Sprint Nextel, the No. 3 U.S. mobile service provider, plans to launch two Motorola Mobility smartphones this summer, opening up a new market for Motorola, which has been absent from Sprint's high-end phone line up until now.

Sprint is looking to the advanced phones to fend off rivals while Motorola is pushing for new operator customers since its biggest client Verizon Wireless started selling the Apple Inc iPhone in February.

Motorola also hopes to compete more directly with BlackBerry maker Research In Motion for business customers through Sprint.

Both of the new phones announced on Thursday are based on Google Inc's Android software, which has surpassed iPhone in popularity and helped Motorola revamp itself in the last year and a half.

The Motorola Photon 4G, the most advanced of the devices, will run on Sprint's highest-speed data service and come with advanced security features aimed at attracting business users who often favor BlackBerrys, Sprint and Motorola said.

Photon also will work overseas, which is typically not the case for Sprint phones.

Photon will run on an advanced dual-core Tegra 2 processor from Nvidia and will come with an accessory dock that looks like a laptop but needs to be attached to the phone to work similar to the Atrix phone sold by AT&T Inc.

Sprint promised competitive pricing but did not give details. It sees the Photon as one of its most important devices for the year and plans to launch it with a substantial marketing campaign, David Owens a Sprint product development executive told Reuters in an interview.

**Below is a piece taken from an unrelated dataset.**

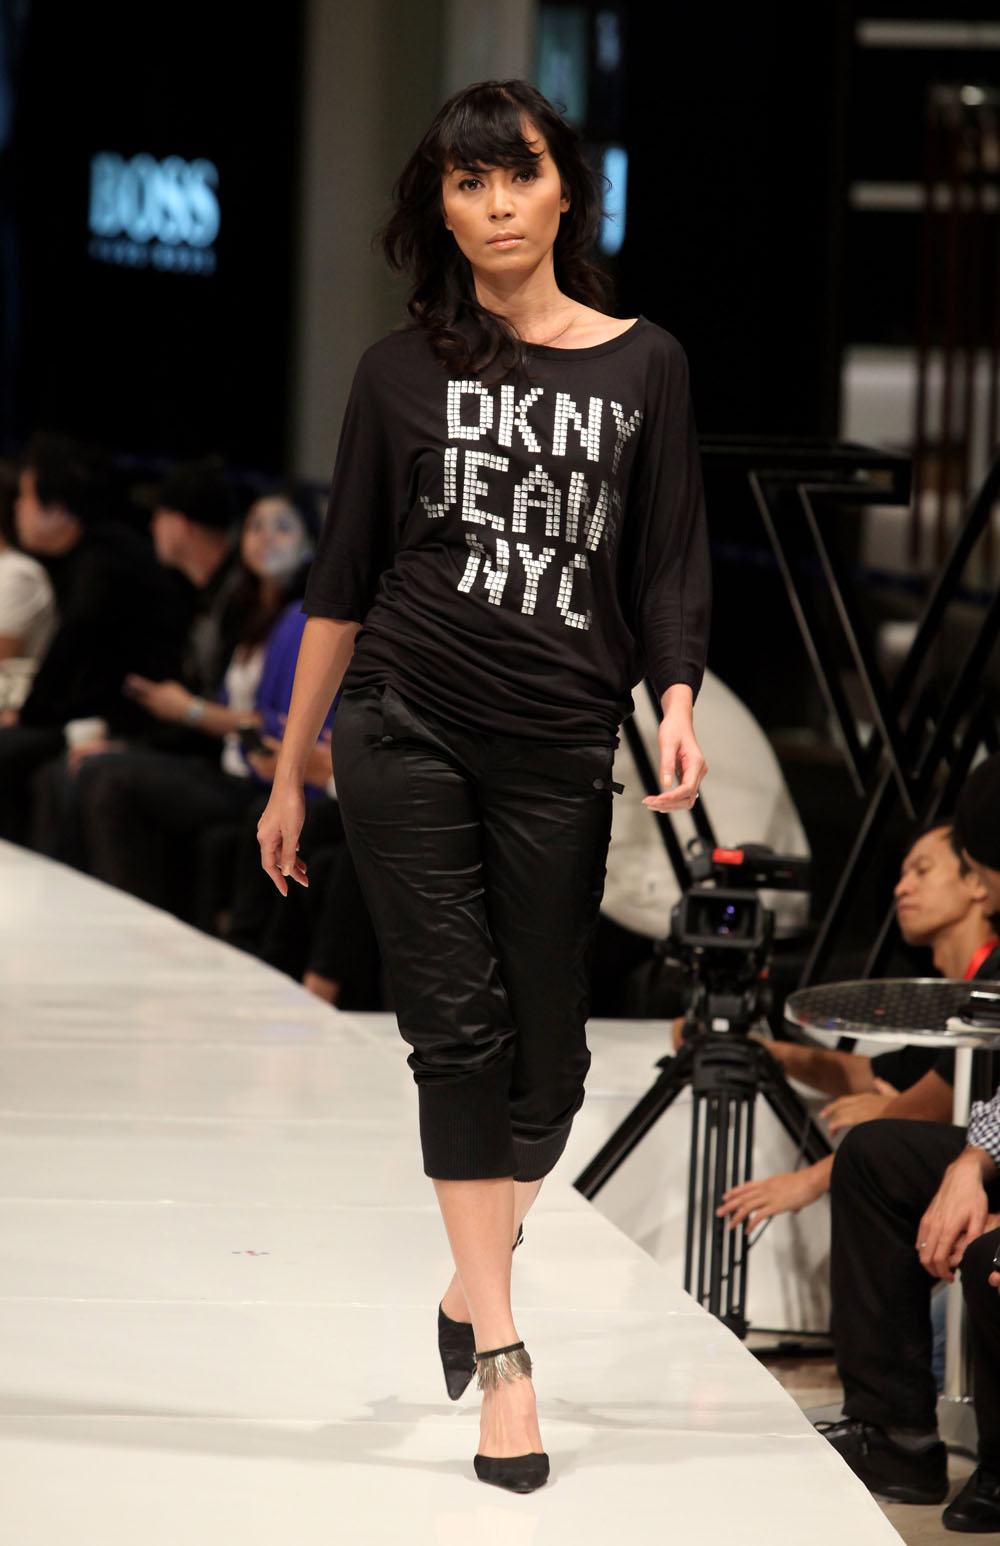 Jakarta Fashion Week 2009/10 - Day 6 - THE CHOSEN ONES

Owens said Motorola's success with Android products, such as the first Droid phone at Verizon Wireless, led Sprint to reconsider it as a smartphone vendor. Sprint had mainly just turned to Motorola phones for its proprietary walkie-talkie style iDen service, which it will phase out in coming years.

Motorola Chief Executive Sanjay Jha said Sprint's shifting technology focus was likely a factor in the new agreement.

Because we've had a good relationship with them in iDen there's been a little sense Motorola is too big a part of their portfolio, Jha told Reuters, adding that this would change as Sprint starts the process of shutting down its iDen network.

Photon is based on a high-speed wireless technology standard known as WiMax, which is not widely used around the world, making it less economical to develop products on that standard as the potential market is much smaller.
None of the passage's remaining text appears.